» PROBLEM TO WORK ON:
The whole listing, pictures aside, should be reproduced exactly.

» DATASET EXTRACT:
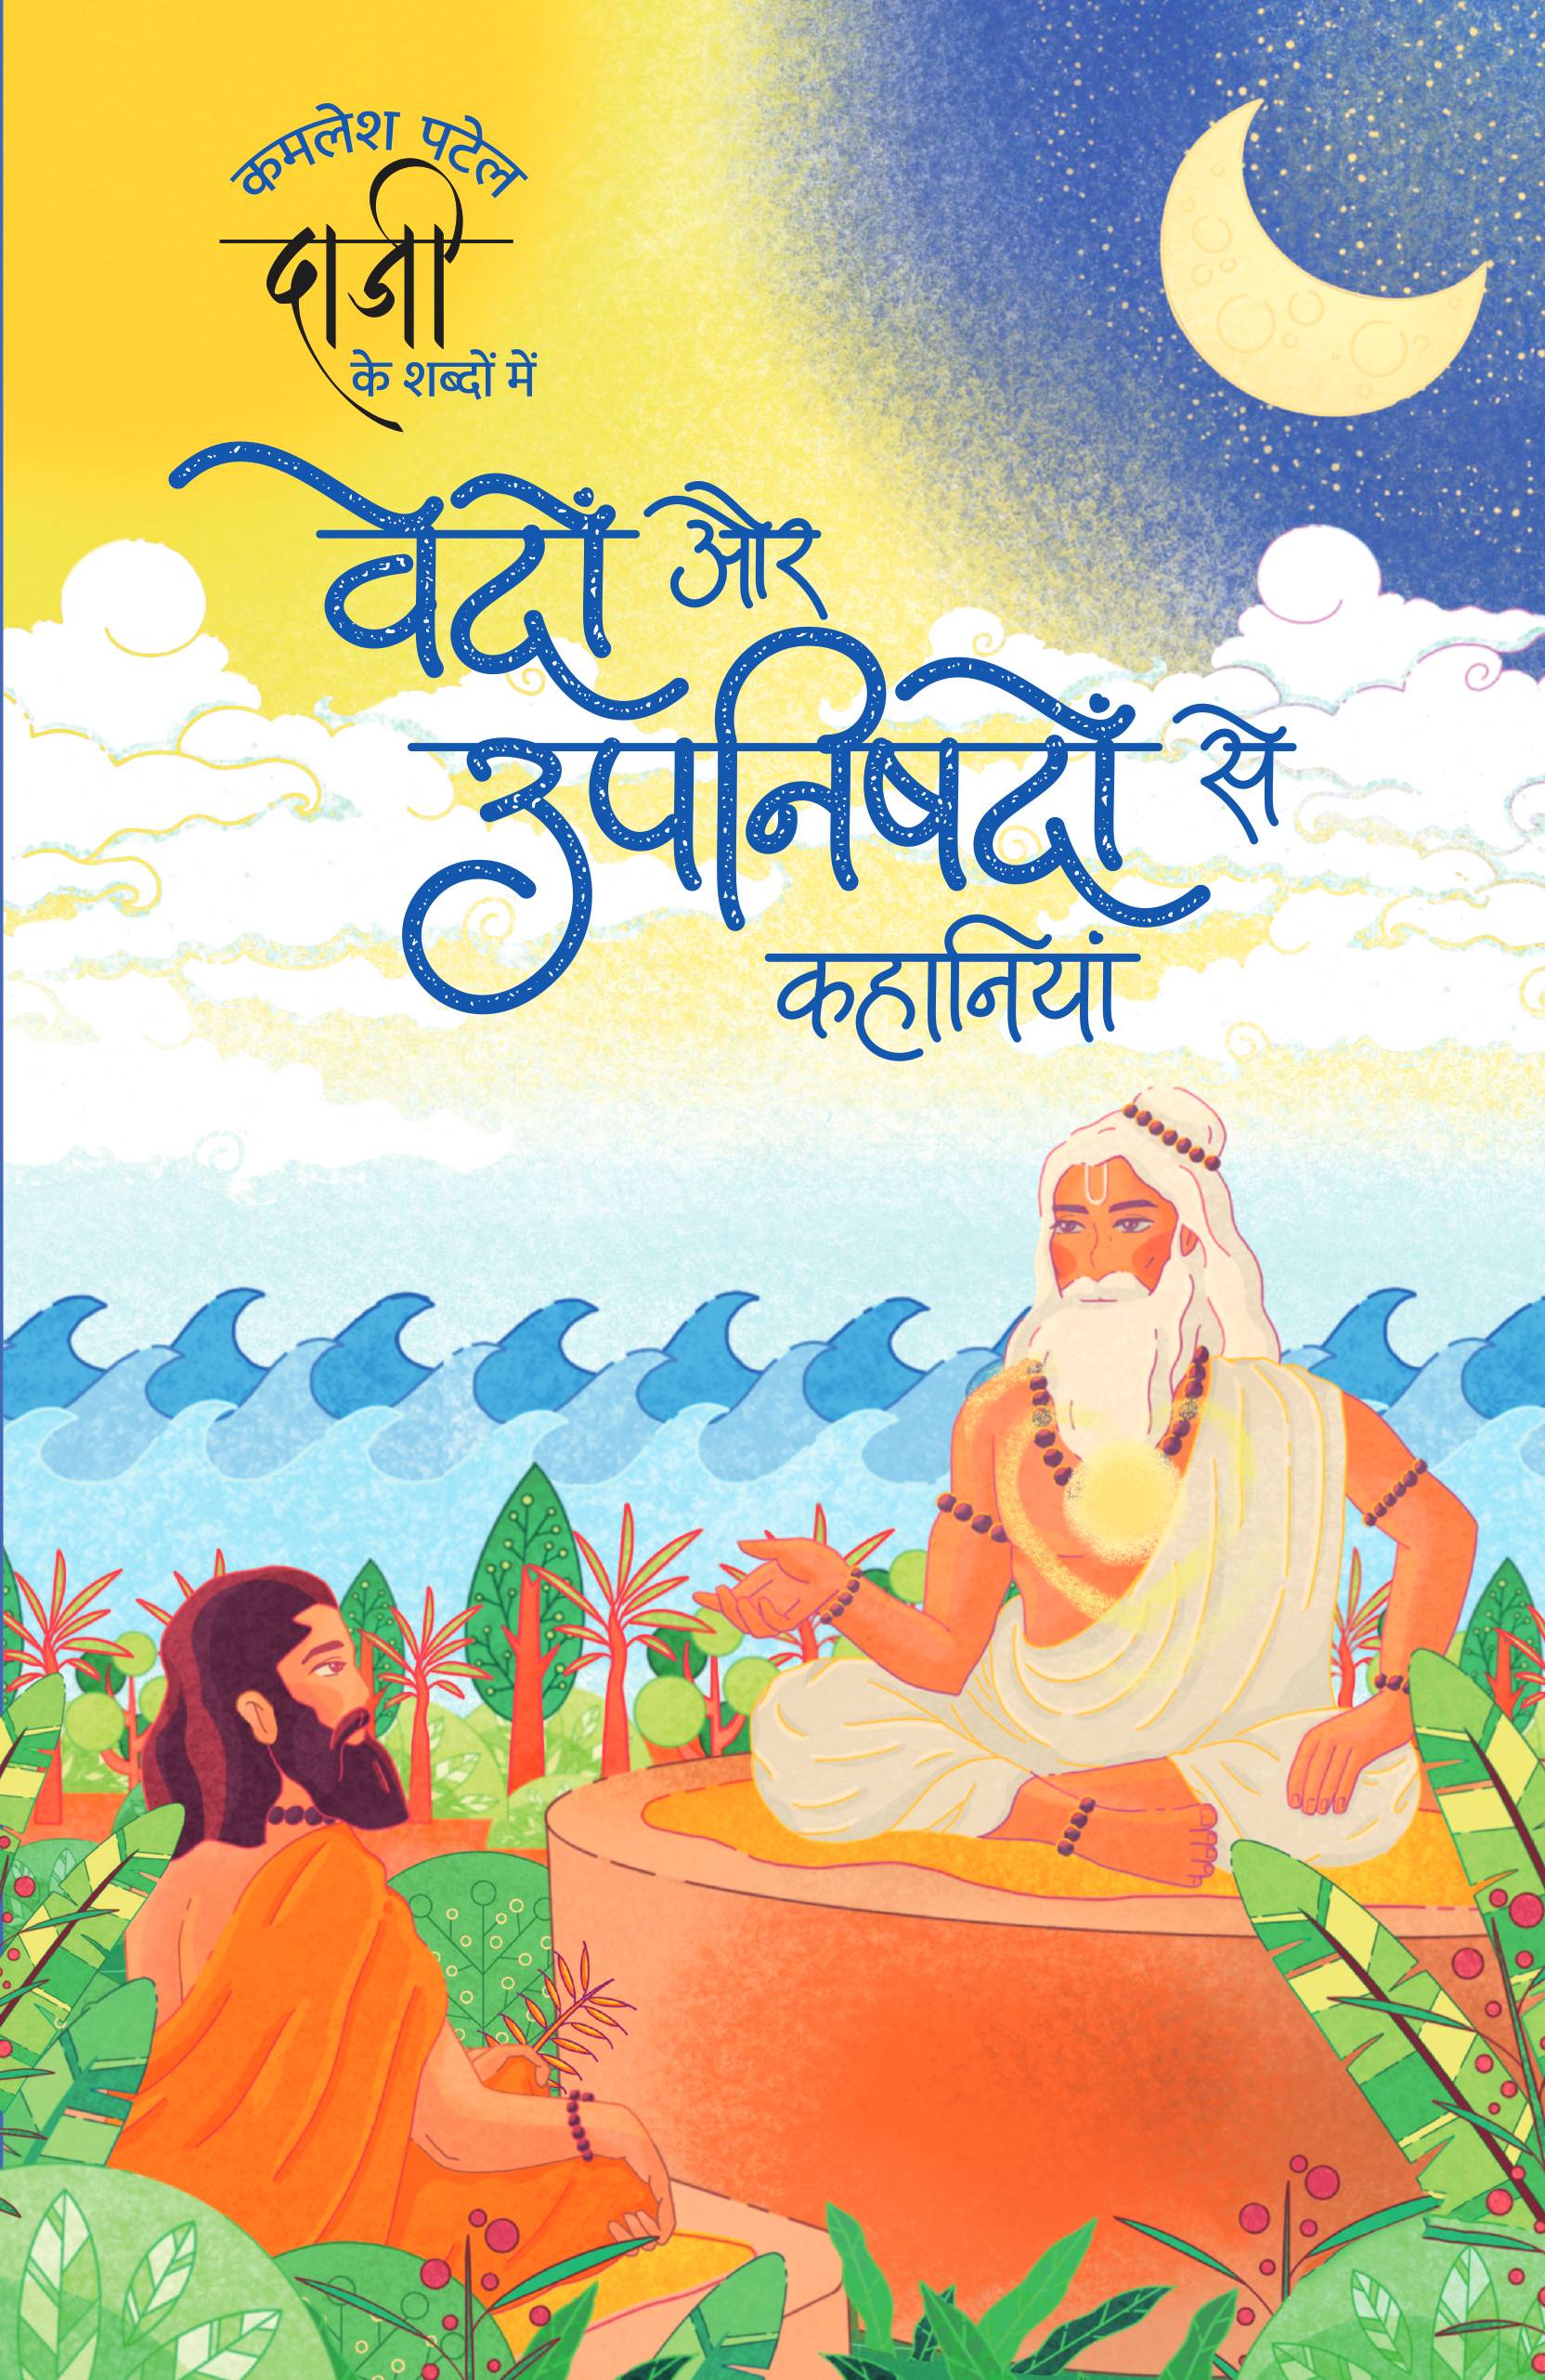 Tales from the Vedas and Upanishads - Digital Book (Hindi) - hfnl!fe
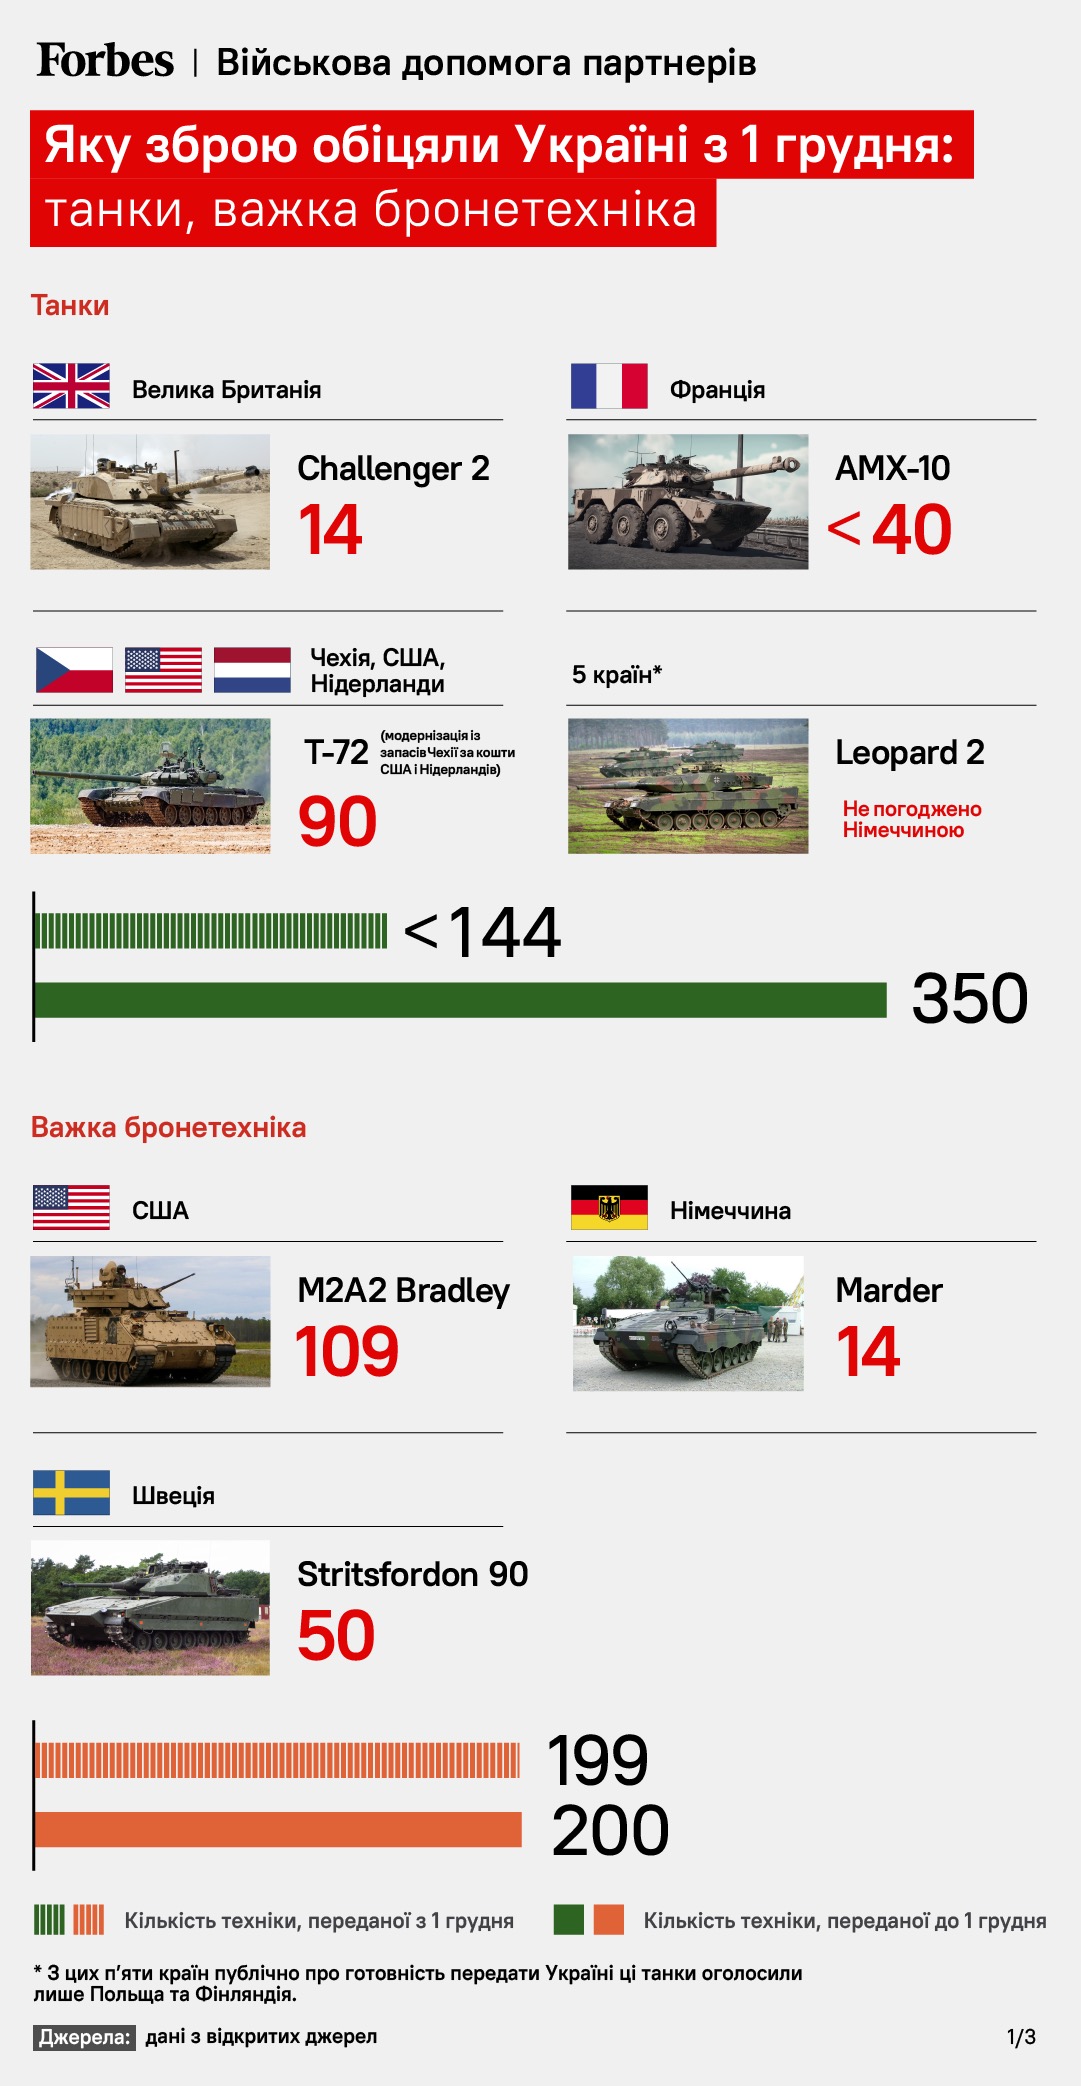 “Рамштайн” и танки: Украина получит 1300 единиц бронетехники. Как это изменит ситуацию на фронте /Фото 1
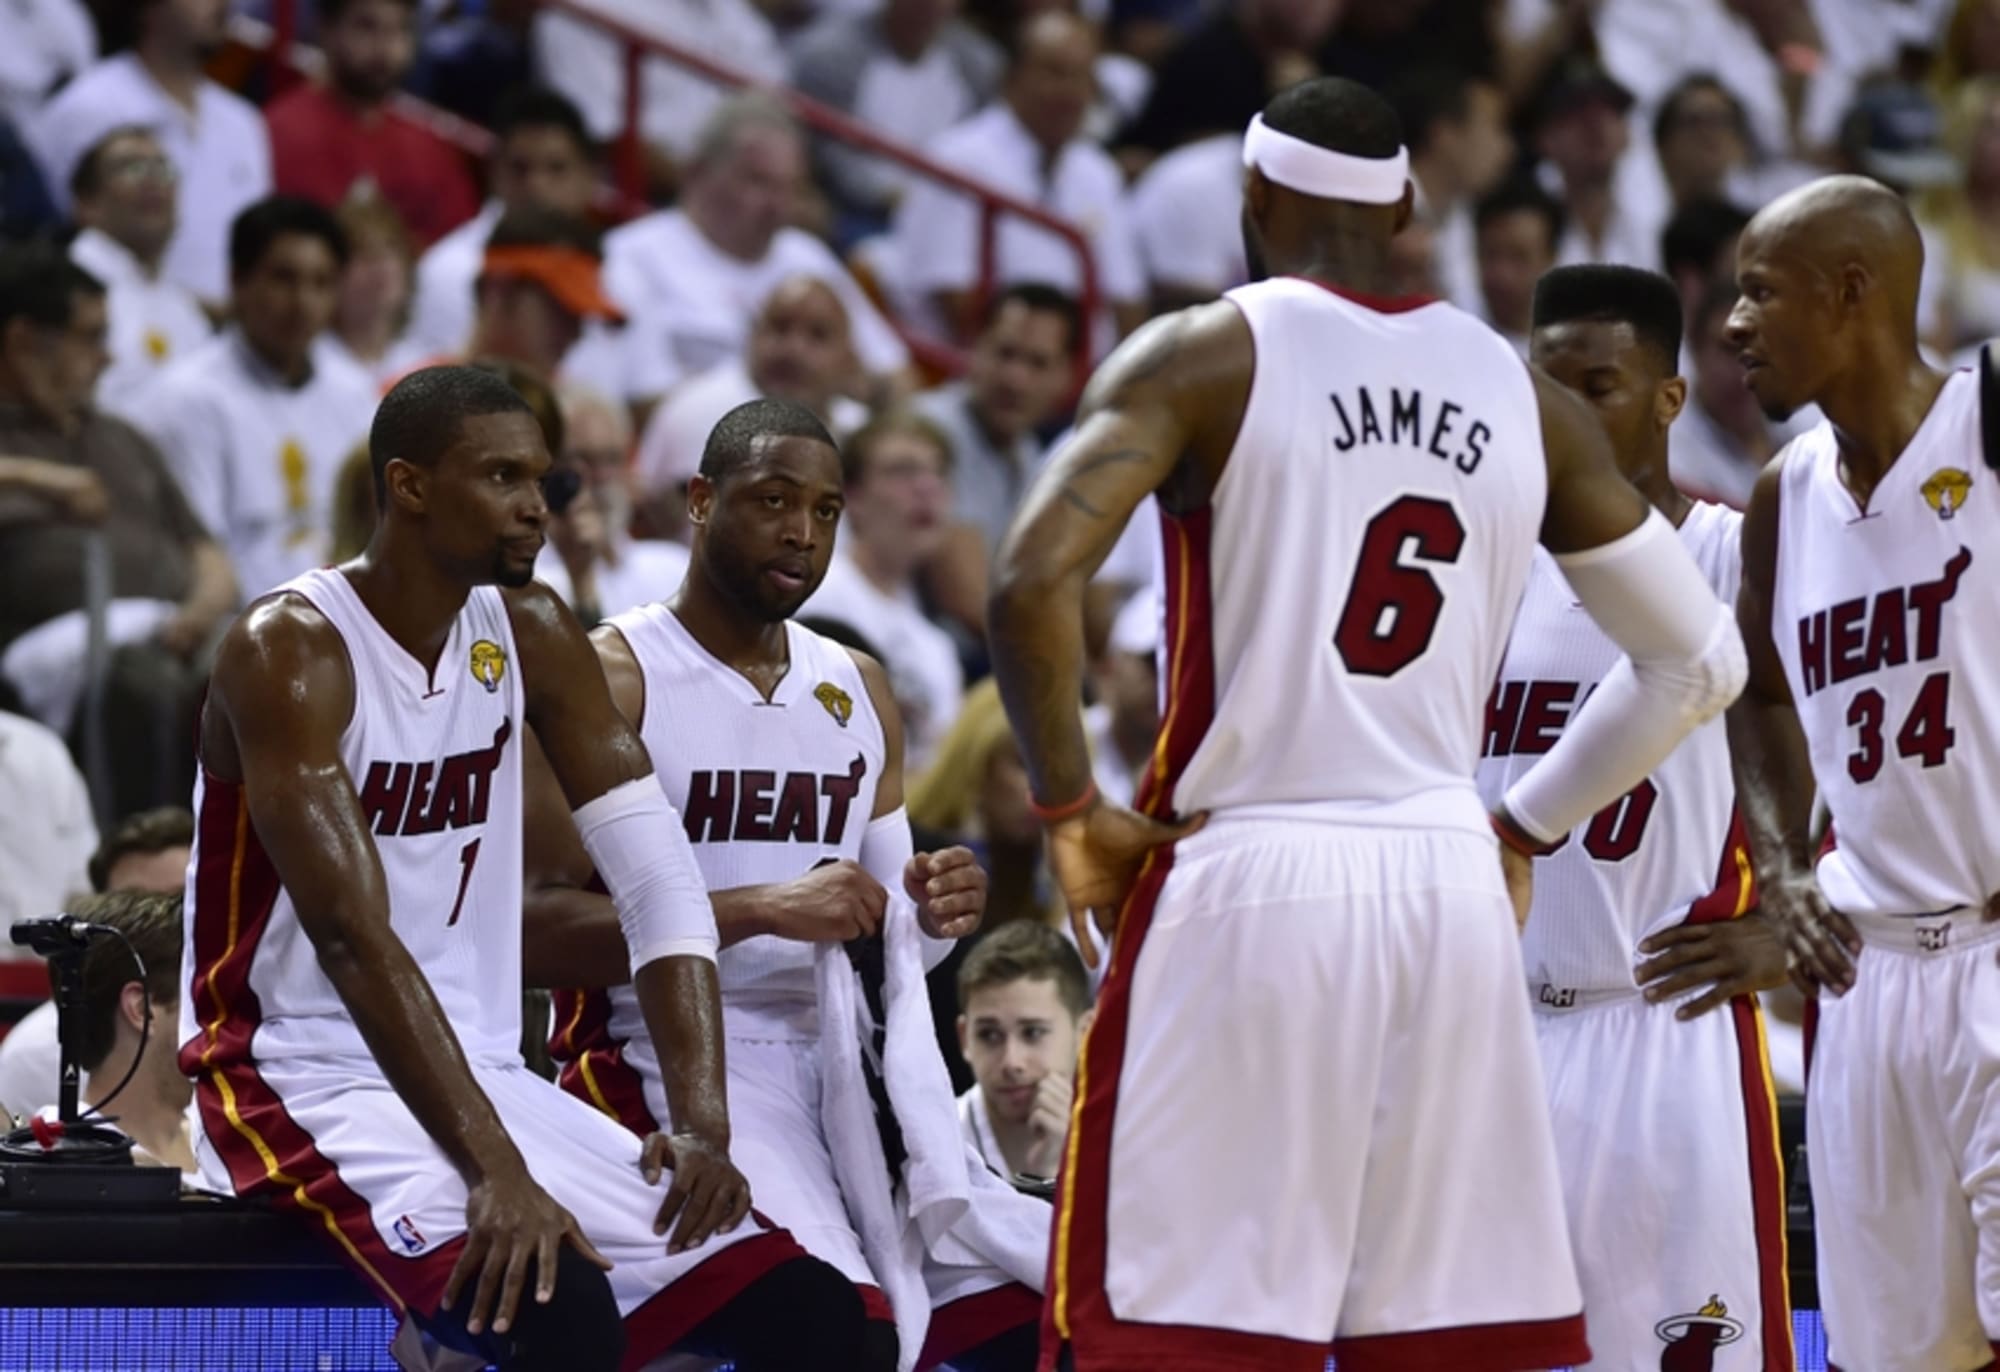 Miami Heat's Shane Battier adjusting to new role as undersized

» EXERCISE SOLUTION:
 Tales from the Vedas and Upanishads - Digital Book (Hindi) - hfnl!fe
 “Рамштайн” и танки: Украина получит 1300 единиц бронетехники. Как это изменит ситуацию на фронте /Фото 1
 Miami Heat's Shane Battier adjusting to new role as undersized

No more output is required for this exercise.